Alice is a hilarious narrator, endearing and often clueless about reality,
though totally focused upon her current obsession. This light-hearted and witty
debut mystery, written by a lawyer turned stand-up comedian, is crammed with
eccentric characters and great fun.
|
Douglas
Corleone
One
Man’s Paradise (Minotaur 2010) introduces Kevin Corvelli,
a Manhattan criminal defense lawyer who moves to Honolulu, Hawaii,
after a career-ending murder trial. Kevin blames himself for the
death of his wrongfully convicted client, who died in prison, and
vows never to defend a capital crime again.
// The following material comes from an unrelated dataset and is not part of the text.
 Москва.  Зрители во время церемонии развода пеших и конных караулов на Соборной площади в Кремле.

But he can’t resist
the $50,000 retainer for defending Joseph Ginaforte, a law student
accused of following his ex-girlfriend to Hawaii and killing her on Waikiki Beach.
Kevin suspects that Joseph may be innocent, despite the mound of evidence against
him, and begins searching for reasonable doubt in the form of another suspect.
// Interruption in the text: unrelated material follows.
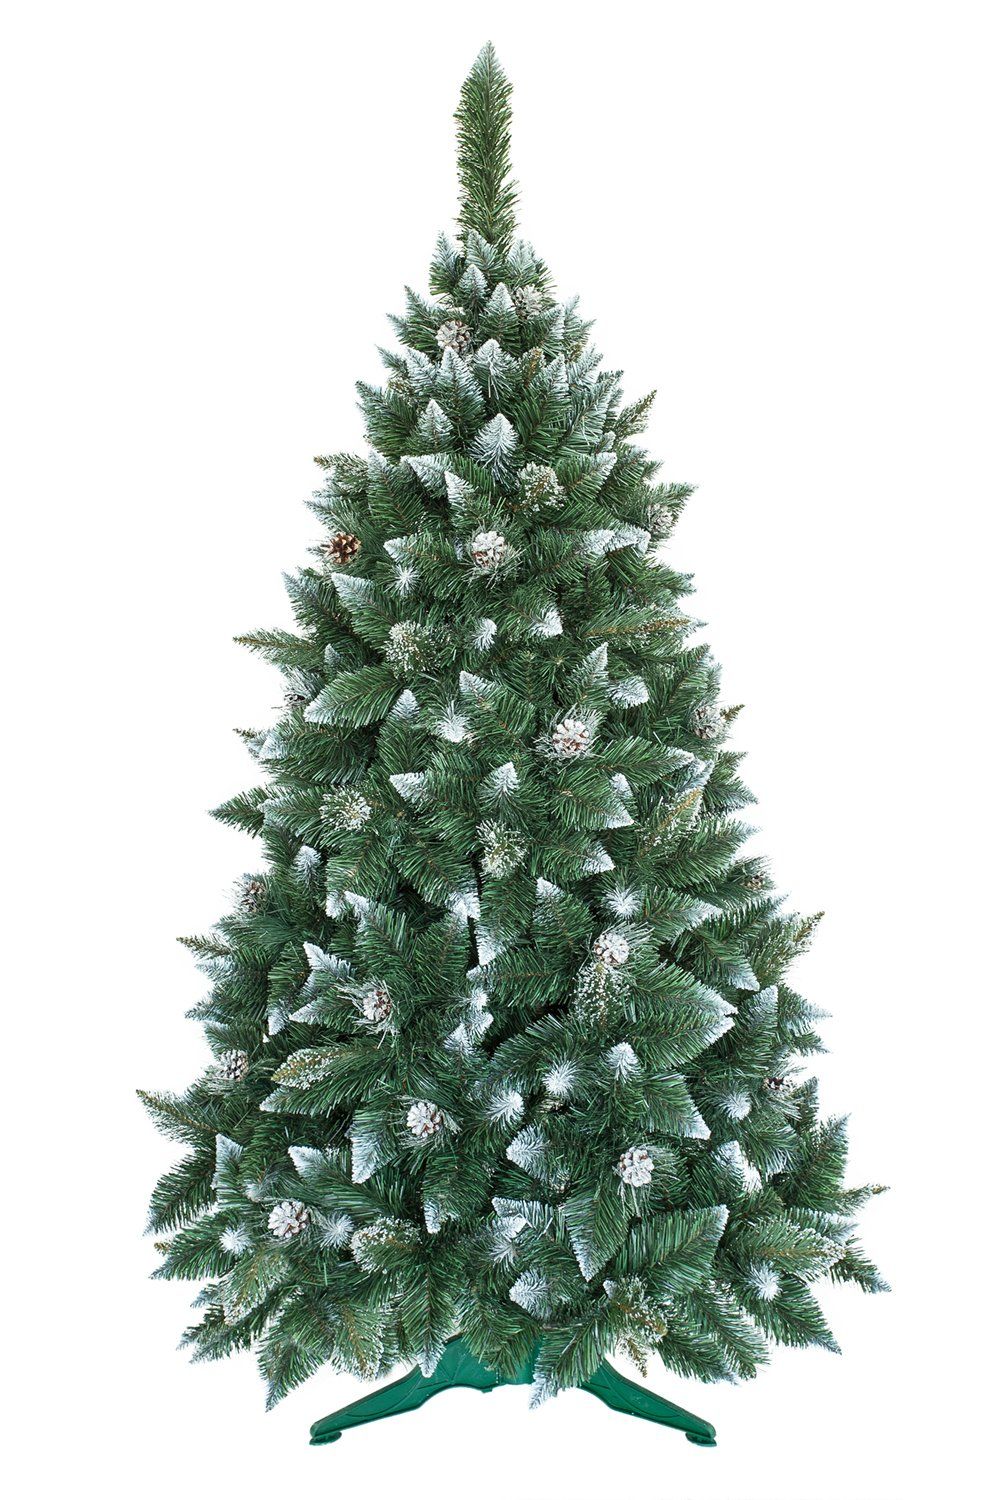 Umelý vianočný stromček Borovica Strieborná s kryštálmi ľadu 180cm

While following Joseph’s trail on the night of the murder, Kevin falls for a
Hawaiian bartender, Nikole Kapua, whose family has been destroyed by an addiction
to ice, the smokeable form of crystal methamphetamine. Determined to change his
life, Kevin tries to make the time to finally have a real relationship that doesn’t
take a back seat to his career, but the discovery that his client is linked to
the mob doesn’t help his relaxation attempts. Slowing his New York pace down
to something compatible with the Hawaiian lifestyle is especially important in
the courtroom, where the judge is not amused by Kevin’s sarcastic sense of humor.
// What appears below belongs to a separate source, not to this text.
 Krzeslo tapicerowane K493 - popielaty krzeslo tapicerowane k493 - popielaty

This debut legal thriller, the winner of the 2009 Minotaur Books/MWA First Crime
Novel Award, was also a finalist for the 2011 Shamus Award for Best First Novel. |
Jeffery
Deaver
Carte
Blanche (Simon & Schuster 2011) is the latest James Bond
pastiche authorized by Ian Fleming Productions, bringing a 30-something
Bond into the post-9/11 world of international terrorism threatening
British interests. The story begins with a train wreck in Serbia,
where Bond first encounters the villainous Irishman Niall Dunne,
and moves quickly in short chapters as Bond races against the clock
to determine the nature of the threat and neutralize it. Bond is
aided by his ravishing co-agent Ophelia “Philly” Maidenstone
and CIA operative Felix Leiter, through
Britain and Dubai, and on to South Africa where the good guys battle
Green Way International, a thuggish and diabolical international
recycling enterprise run by Dutchman Severan Hydt, assisted by
the brilliant Niall Dunne. Bond’s mission is hampered by
Percy Osborne-Smith, the overbearing Deputy Senior Director of
Field Operations in MI-5, who reads the intelligence quite differently
from Bond. While Carte Blanche is necessarily promoted as part
of the James Bond tradition, the book may be best appreciated on
its own terms. This is not the Cold Warrior MI-6 agent created
by Ian Fleming in the early 1950s; this Bond is an Afghanistan
war veteran working for a new independent covert agency — ODG
(Overseas Development Group) under the direction of “M”.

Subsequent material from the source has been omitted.